Your task: Would you return the material below exactly, with no line left out?

Recorded data:
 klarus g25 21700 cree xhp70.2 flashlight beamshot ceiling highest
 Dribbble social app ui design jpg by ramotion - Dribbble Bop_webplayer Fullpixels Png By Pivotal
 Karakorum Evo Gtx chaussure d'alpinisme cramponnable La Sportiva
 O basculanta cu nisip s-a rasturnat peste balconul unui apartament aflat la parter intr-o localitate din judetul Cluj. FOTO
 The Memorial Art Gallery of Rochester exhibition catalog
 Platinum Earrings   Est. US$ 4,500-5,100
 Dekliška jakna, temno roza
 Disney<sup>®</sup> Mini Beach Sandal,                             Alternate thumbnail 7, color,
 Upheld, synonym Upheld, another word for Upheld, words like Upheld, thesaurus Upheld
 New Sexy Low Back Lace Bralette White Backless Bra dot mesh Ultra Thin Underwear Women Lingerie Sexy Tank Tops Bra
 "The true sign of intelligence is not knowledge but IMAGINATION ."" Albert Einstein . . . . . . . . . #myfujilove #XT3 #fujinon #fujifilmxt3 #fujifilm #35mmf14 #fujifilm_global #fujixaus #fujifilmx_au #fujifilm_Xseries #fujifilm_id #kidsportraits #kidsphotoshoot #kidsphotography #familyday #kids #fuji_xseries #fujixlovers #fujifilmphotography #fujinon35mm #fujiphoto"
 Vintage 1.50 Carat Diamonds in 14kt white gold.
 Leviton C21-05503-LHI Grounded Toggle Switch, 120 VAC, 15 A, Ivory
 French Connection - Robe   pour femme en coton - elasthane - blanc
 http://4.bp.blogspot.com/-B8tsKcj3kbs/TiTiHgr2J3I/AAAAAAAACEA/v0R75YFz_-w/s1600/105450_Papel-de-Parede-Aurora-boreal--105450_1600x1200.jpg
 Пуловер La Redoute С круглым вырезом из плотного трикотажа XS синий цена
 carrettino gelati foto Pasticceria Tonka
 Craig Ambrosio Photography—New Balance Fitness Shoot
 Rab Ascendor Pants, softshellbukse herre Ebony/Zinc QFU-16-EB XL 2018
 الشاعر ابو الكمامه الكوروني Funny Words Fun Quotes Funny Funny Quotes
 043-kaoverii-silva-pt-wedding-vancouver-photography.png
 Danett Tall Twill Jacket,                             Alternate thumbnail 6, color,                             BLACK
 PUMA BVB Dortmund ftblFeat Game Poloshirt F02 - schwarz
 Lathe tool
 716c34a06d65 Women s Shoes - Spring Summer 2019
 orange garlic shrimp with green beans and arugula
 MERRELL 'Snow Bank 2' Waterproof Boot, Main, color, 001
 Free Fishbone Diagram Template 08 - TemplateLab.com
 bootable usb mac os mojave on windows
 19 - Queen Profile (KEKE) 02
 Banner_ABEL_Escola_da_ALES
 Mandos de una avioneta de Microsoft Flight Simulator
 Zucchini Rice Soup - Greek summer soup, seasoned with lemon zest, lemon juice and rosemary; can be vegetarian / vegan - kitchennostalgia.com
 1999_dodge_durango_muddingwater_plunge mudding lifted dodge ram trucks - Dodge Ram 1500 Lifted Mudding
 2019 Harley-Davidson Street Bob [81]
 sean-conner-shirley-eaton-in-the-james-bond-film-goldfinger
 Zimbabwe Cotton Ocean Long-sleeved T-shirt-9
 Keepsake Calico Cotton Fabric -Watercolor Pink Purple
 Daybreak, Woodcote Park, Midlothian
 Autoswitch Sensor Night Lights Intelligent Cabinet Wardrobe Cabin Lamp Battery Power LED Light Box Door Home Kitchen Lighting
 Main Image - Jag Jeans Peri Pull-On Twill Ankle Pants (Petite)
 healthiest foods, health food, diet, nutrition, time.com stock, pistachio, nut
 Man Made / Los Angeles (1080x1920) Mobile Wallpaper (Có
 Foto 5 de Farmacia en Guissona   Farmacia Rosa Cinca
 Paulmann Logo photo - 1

Result of this task:
 klarus g25 21700 cree xhp70.2 flashlight beamshot ceiling highest
 Dribbble social app ui design jpg by ramotion - Dribbble Bop_webplayer Fullpixels Png By Pivotal
 Karakorum Evo Gtx chaussure d'alpinisme cramponnable La Sportiva
 O basculanta cu nisip s-a rasturnat peste balconul unui apartament aflat la parter intr-o localitate din judetul Cluj. FOTO
 The Memorial Art Gallery of Rochester exhibition catalog
 Platinum Earrings   Est. US$ 4,500-5,100
 Dekliška jakna, temno roza
 Disney<sup>®</sup> Mini Beach Sandal,                             Alternate thumbnail 7, color,
 Upheld, synonym Upheld, another word for Upheld, words like Upheld, thesaurus Upheld
 New Sexy Low Back Lace Bralette White Backless Bra dot mesh Ultra Thin Underwear Women Lingerie Sexy Tank Tops Bra
 "The true sign of intelligence is not knowledge but IMAGINATION ."" Albert Einstein . . . . . . . . . #myfujilove #XT3 #fujinon #fujifilmxt3 #fujifilm #35mmf14 #fujifilm_global #fujixaus #fujifilmx_au #fujifilm_Xseries #fujifilm_id #kidsportraits #kidsphotoshoot #kidsphotography #familyday #kids #fuji_xseries #fujixlovers #fujifilmphotography #fujinon35mm #fujiphoto"
 Vintage 1.50 Carat Diamonds in 14kt white gold.
 Leviton C21-05503-LHI Grounded Toggle Switch, 120 VAC, 15 A, Ivory
 French Connection - Robe   pour femme en coton - elasthane - blanc
 http://4.bp.blogspot.com/-B8tsKcj3kbs/TiTiHgr2J3I/AAAAAAAACEA/v0R75YFz_-w/s1600/105450_Papel-de-Parede-Aurora-boreal--105450_1600x1200.jpg
 Пуловер La Redoute С круглым вырезом из плотного трикотажа XS синий цена
 carrettino gelati foto Pasticceria Tonka
 Craig Ambrosio Photography—New Balance Fitness Shoot
 Rab Ascendor Pants, softshellbukse herre Ebony/Zinc QFU-16-EB XL 2018
 الشاعر ابو الكمامه الكوروني Funny Words Fun Quotes Funny Funny Quotes
 043-kaoverii-silva-pt-wedding-vancouver-photography.png
 Danett Tall Twill Jacket,                             Alternate thumbnail 6, color,                             BLACK
 PUMA BVB Dortmund ftblFeat Game Poloshirt F02 - schwarz
 Lathe tool
 716c34a06d65 Women s Shoes - Spring Summer 2019
 orange garlic shrimp with green beans and arugula
 MERRELL 'Snow Bank 2' Waterproof Boot, Main, color, 001
 Free Fishbone Diagram Template 08 - TemplateLab.com
 bootable usb mac os mojave on windows
 19 - Queen Profile (KEKE) 02
 Banner_ABEL_Escola_da_ALES
 Mandos de una avioneta de Microsoft Flight Simulator
 Zucchini Rice Soup - Greek summer soup, seasoned with lemon zest, lemon juice and rosemary; can be vegetarian / vegan - kitchennostalgia.com
 1999_dodge_durango_muddingwater_plunge mudding lifted dodge ram trucks - Dodge Ram 1500 Lifted Mudding
 2019 Harley-Davidson Street Bob [81]
 sean-conner-shirley-eaton-in-the-james-bond-film-goldfinger
 Zimbabwe Cotton Ocean Long-sleeved T-shirt-9
 Keepsake Calico Cotton Fabric -Watercolor Pink Purple
 Daybreak, Woodcote Park, Midlothian
 Autoswitch Sensor Night Lights Intelligent Cabinet Wardrobe Cabin Lamp Battery Power LED Light Box Door Home Kitchen Lighting
 Main Image - Jag Jeans Peri Pull-On Twill Ankle Pants (Petite)
 healthiest foods, health food, diet, nutrition, time.com stock, pistachio, nut
 Man Made / Los Angeles (1080x1920) Mobile Wallpaper (Có
 Foto 5 de Farmacia en Guissona   Farmacia Rosa Cinca
 Paulmann Logo photo - 1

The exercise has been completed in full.